12Number of images: 1024
13Launching scipy and mnist jobs
14pinoak0033 cpu load avg.:  22%|██▏       | 21.73/100 [00:32<01:57,  1.51s/it]
15pinoak0033 device 0 util:   8%|▊         | 8/100 [00:32<06:16,  4.09s/it]
16pinoak0033 device 1 util:   8%|▊         | 8/100 [00:32<06:16,  4.09s/it]
17pinoak0033 device 2 util:   0%|          | 0/100 [00:32<?, ?it/s]
18pinoak0033 device 3 util:   0%|          | 0/100 [00:32<?, ?it/s]
19pinoak0034 cpu load avg.:  11%|█▏        | 11.42/100 [00:32<04:10,  2.83s/it]
20pinoak0034 device 0 util:   8%|▊         | 8/100 [00:32<06:11,  4.04s/it]
21pinoak0034 device 1 util:   9%|▉         | 9/100 [00:32<05:26,  3.59s/it]
22pinoak0034 device 2 util:   0%|          | 0/100 [00:32<?, ?it/s]
23pinoak0034 device 3 util:   0%|          | 0/100 [00:32<?, ?it/s]
24pinoak0035 cpu load avg.:  16%|█▋        | 16.46/100 [00:32<02:45,  1.98s/it]
25pinoak0035 device 0 util:   9%|▉         | 9/100 [00:32<05:29,  3.62s/it]
26pinoak0035 device 1 util:   8%|▊         | 8/100 [00:32<06:14,  4.07s/it]
27pinoak0035 device 2 util:   0%|          | 0/100 [00:32<?, ?it/s]
28pinoak0035 device 3 util:   0%|          | 0/100 [00:32<?, ?it/s]
29pinoak0036 cpu load avg.:   7%|▋         | 6.56/100 [00:32<07:44,  4.97s/it]
30pinoak0036 device 0 util:   8%|▊         | 8/100 [00:32<06:14,  4.07s/it]

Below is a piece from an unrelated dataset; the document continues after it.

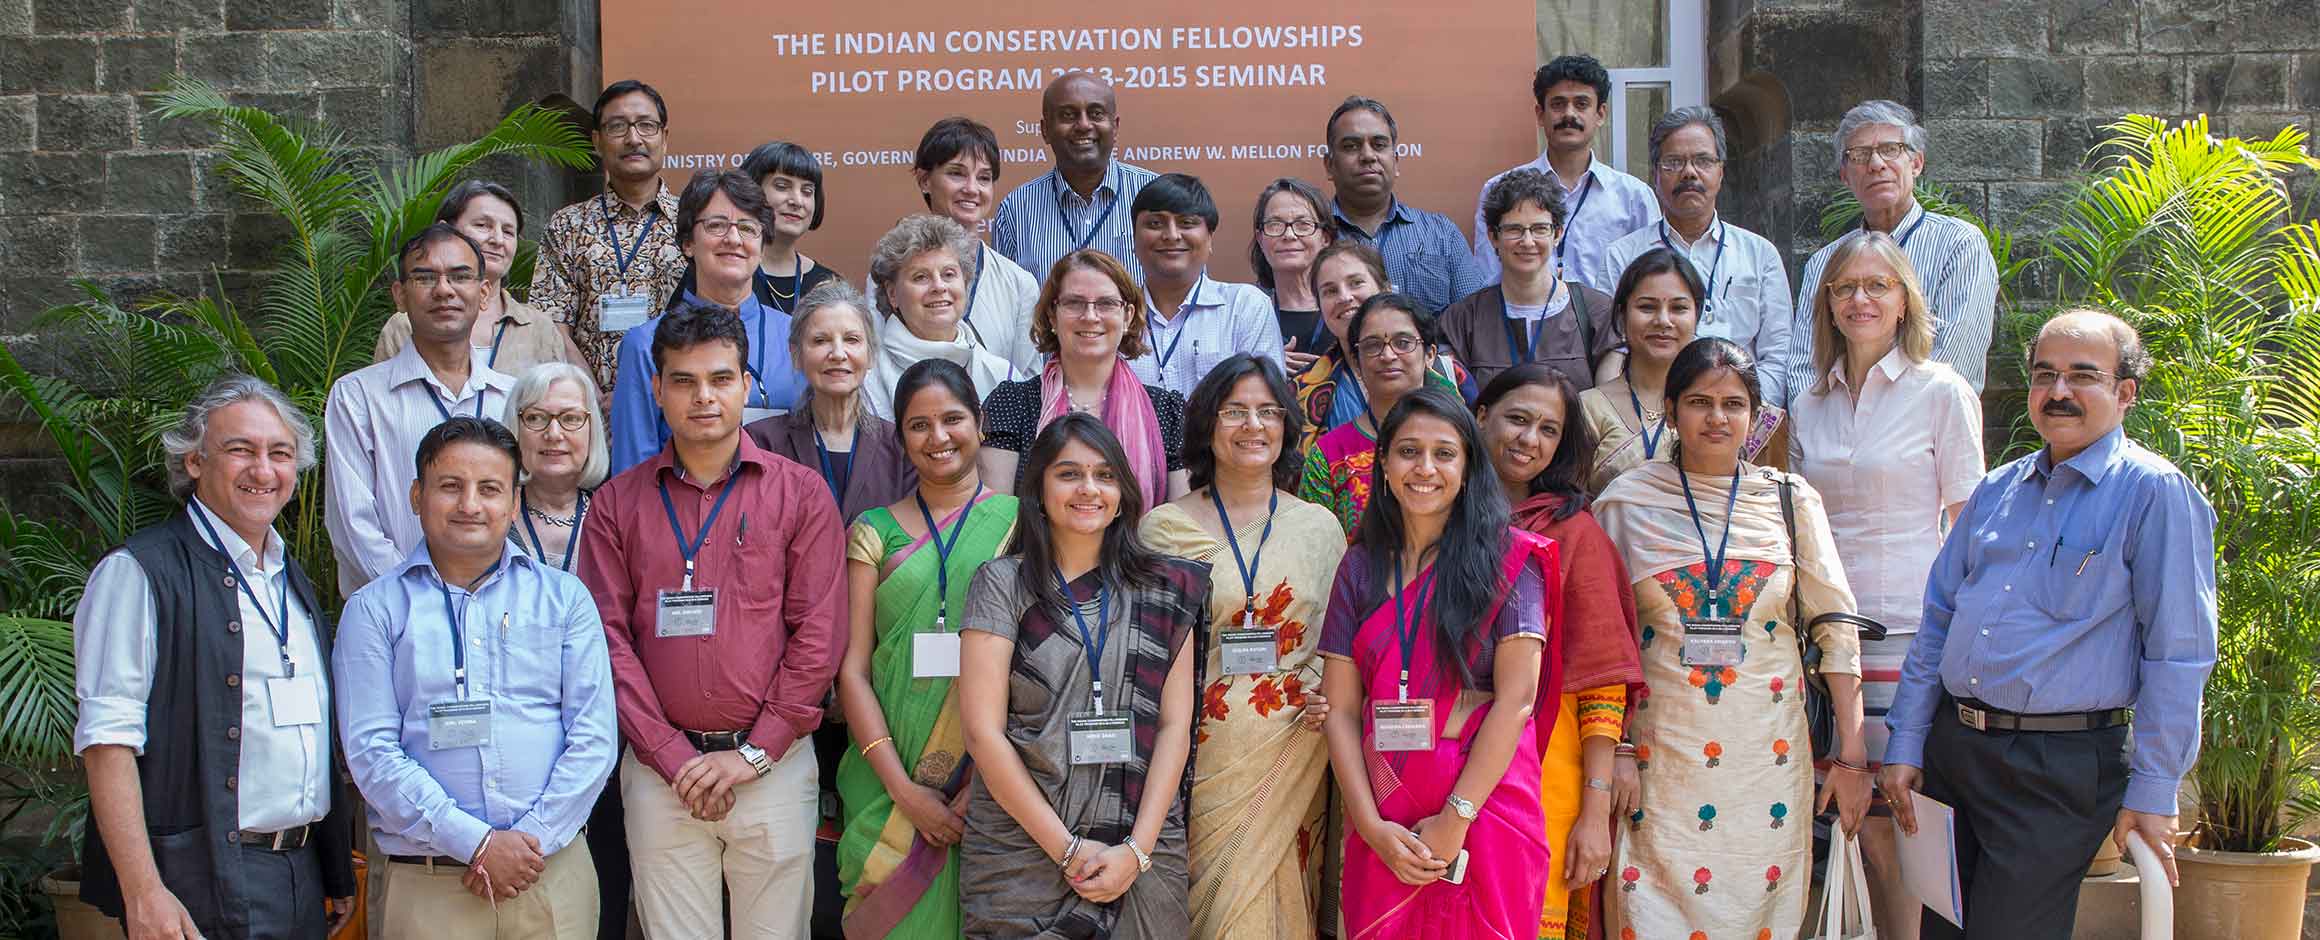 Group photo of participants of the Indian Conservation Fellowships Pilot Program 2013–2015 Seminar 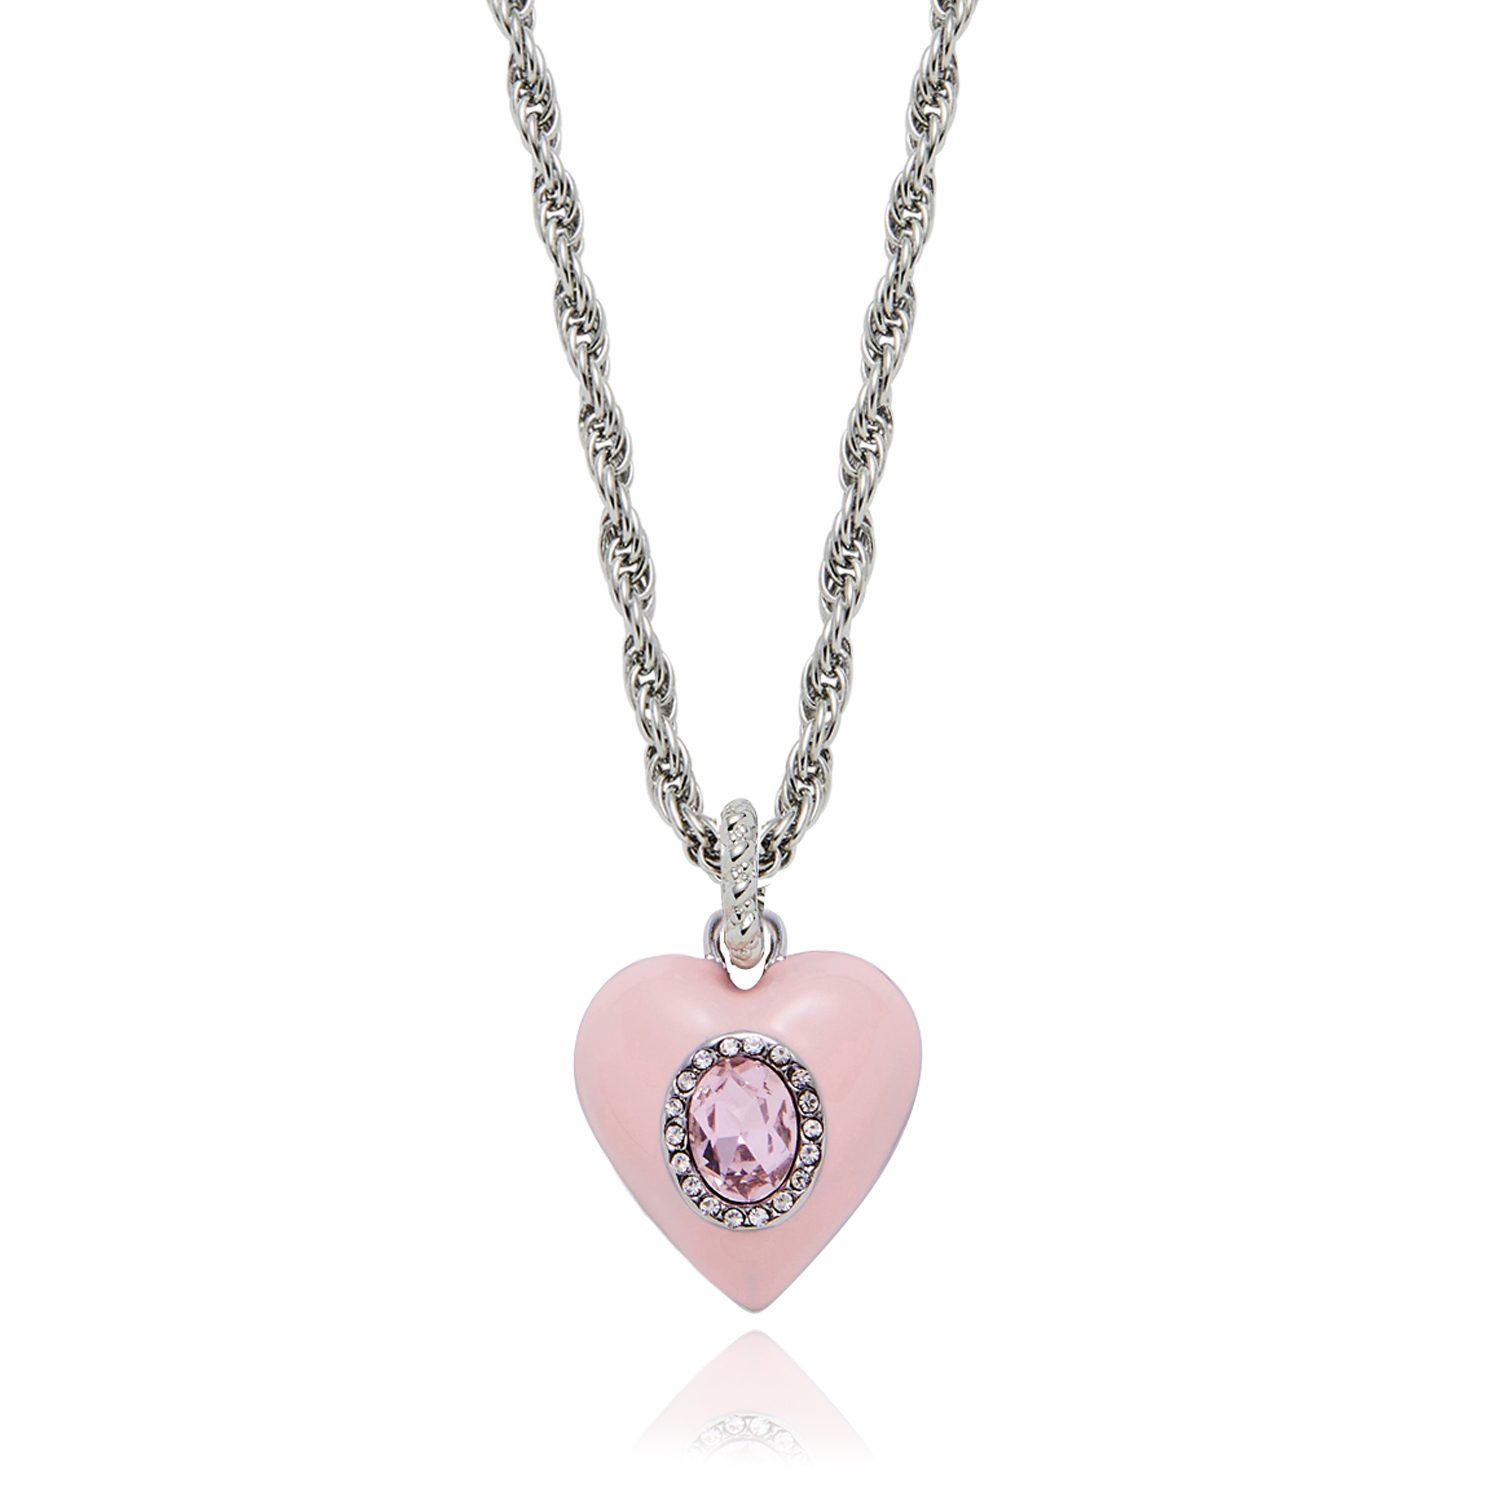 Glossy Heart Pendant Necklace Pink

31pinoak0036 device 1 util:   9%|▉         | 9/100 [00:32<05:29,  3.62s/it]
32pinoak0036 device 2 util:   0%|          | 0/100 [00:32<?, ?it/s]
33 ... (more hidden) ...

The same shut down message as above will be printed when the job is finished. Note, the first time this is run, the MNIST data set will be downloaded and will lead to additional output.